Can anyone share any information on the past effort or future directions regarding quantization – does anyone plan to pursue it?
Thanks!
lissyx
((slow to reply) [NOT PROVIDING SUPPORT])
2
Thanks for bringing that question. I have been exploring means of quantization relying on TensorFlow’s tooling for our model, and while quantize_weights was an easy one to get working with good results (both in term of memory and disk usage, and in WER impact) quantize_nodes has been another story. We had to fight issues within tensorflow’s tooling related to the bidirectionnal recurrent layers we use, that was breaking with those tools.

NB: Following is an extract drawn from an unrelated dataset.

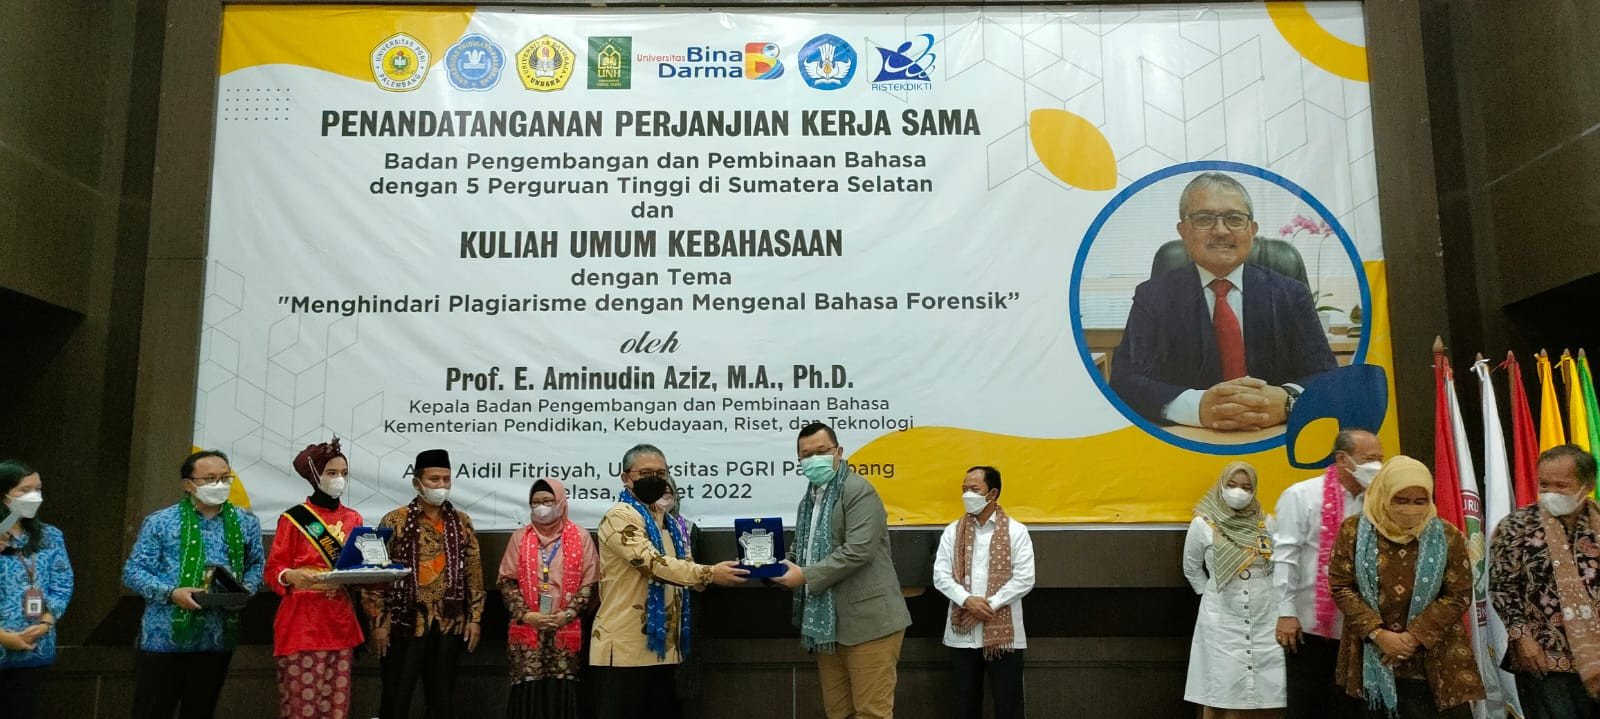 Penandatanganan Perjanjian Kerja sama 5 Perguruan Tinggi di Sumatera Selatan

One fixed, there was an unexpected (but documented risk of) slowdown instead of speedup, in the matter of 10 times.
So far, work on that kind of quantization has been put on hold and I concentrated on leveraging tfcompile usage, which proved to be much more efficient, and easy to do. We still plan on working on that
lissyx
((slow to reply) [NOT PROVIDING SUPPORT])
5
That being said, I’m curious of your results. All the exprience we could gather trying to leverage TensorFlow’s tools would somehow fail around the bidirectionnal RNN layer, or at best give poor results :).
@reuben is working on a streamable model, this requires killing the bidirectionnal recurrent part of the model, and we expect this will make it easier for that usecase, so maybe if you run into issues, it’s worth waiting for that to land? I don’t have any ETA yet though.